Data provided section start

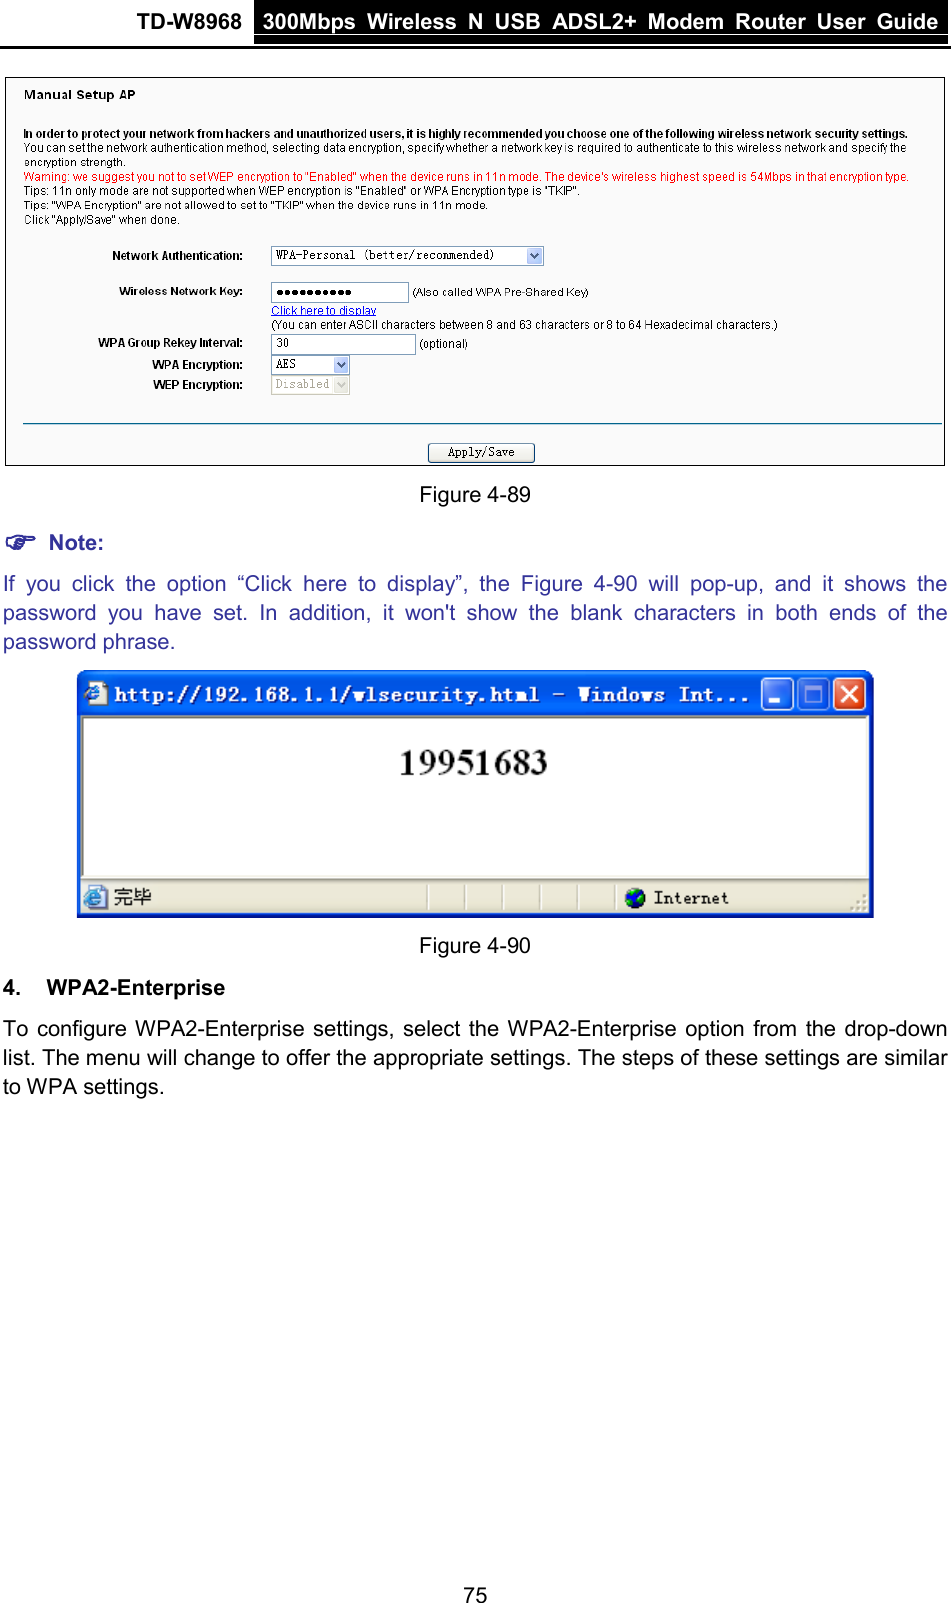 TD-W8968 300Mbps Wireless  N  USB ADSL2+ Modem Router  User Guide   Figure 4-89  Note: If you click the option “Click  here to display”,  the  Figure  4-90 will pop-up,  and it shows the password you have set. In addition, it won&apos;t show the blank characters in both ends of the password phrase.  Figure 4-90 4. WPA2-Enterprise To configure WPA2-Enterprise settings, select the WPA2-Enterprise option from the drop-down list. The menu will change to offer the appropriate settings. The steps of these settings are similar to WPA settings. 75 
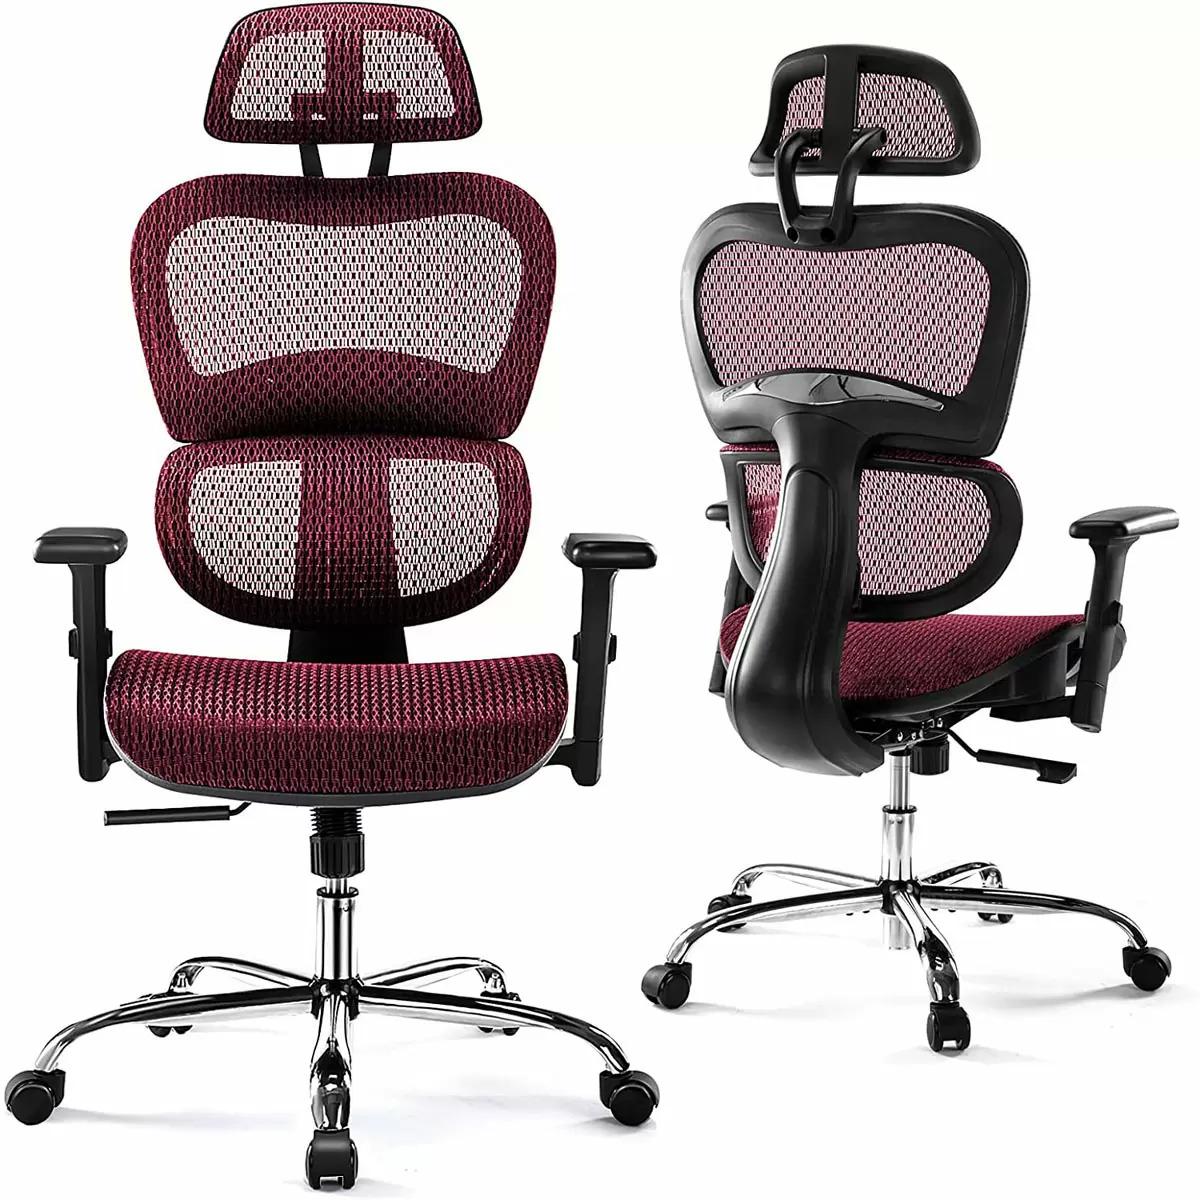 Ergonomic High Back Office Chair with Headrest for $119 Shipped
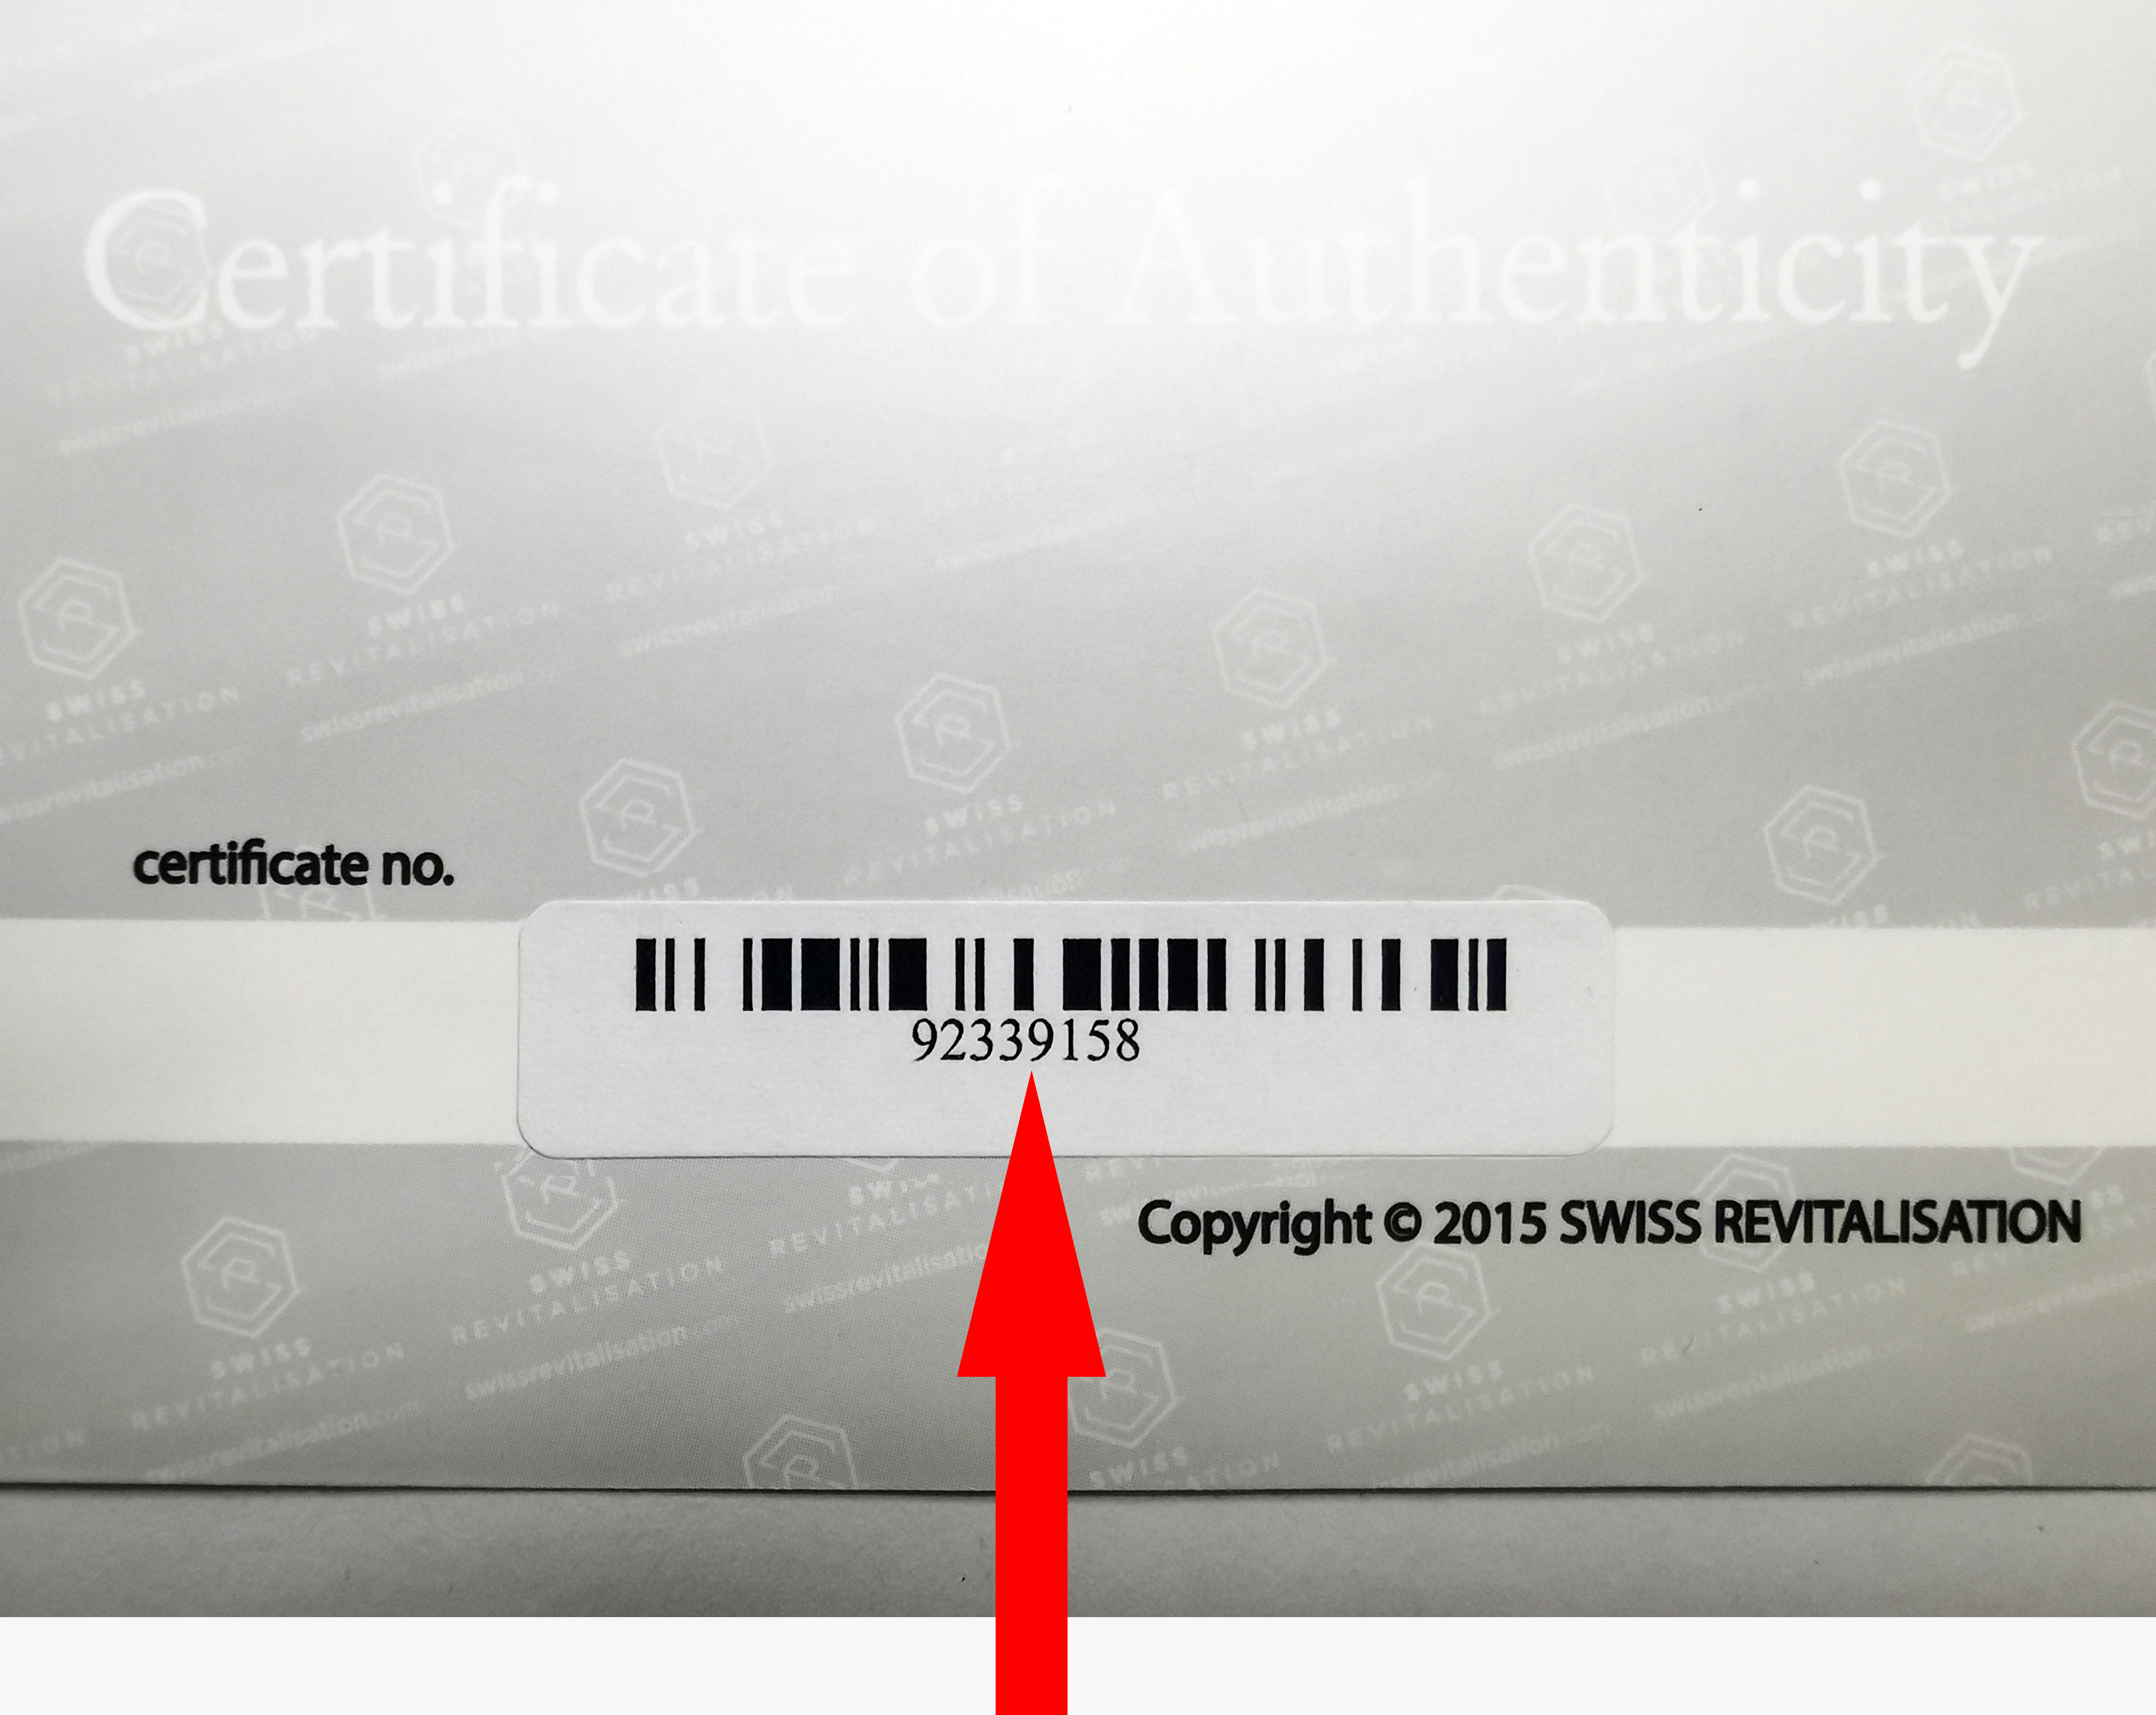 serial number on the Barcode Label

Data provided section end

What the task requires. Copy out every line of the material above precisely, omitting the pictures.

Response area.
 TD-W8968 300Mbps Wireless  N  USB ADSL2+ Modem Router  User Guide   Figure 4-89  Note: If you click the option “Click  here to display”,  the  Figure  4-90 will pop-up,  and it shows the password you have set. In addition, it won&apos;t show the blank characters in both ends of the password phrase.  Figure 4-90 4. WPA2-Enterprise To configure WPA2-Enterprise settings, select the WPA2-Enterprise option from the drop-down list. The menu will change to offer the appropriate settings. The steps of these settings are similar to WPA settings. 75 
 Ergonomic High Back Office Chair with Headrest for $119 Shipped
 serial number on the Barcode Label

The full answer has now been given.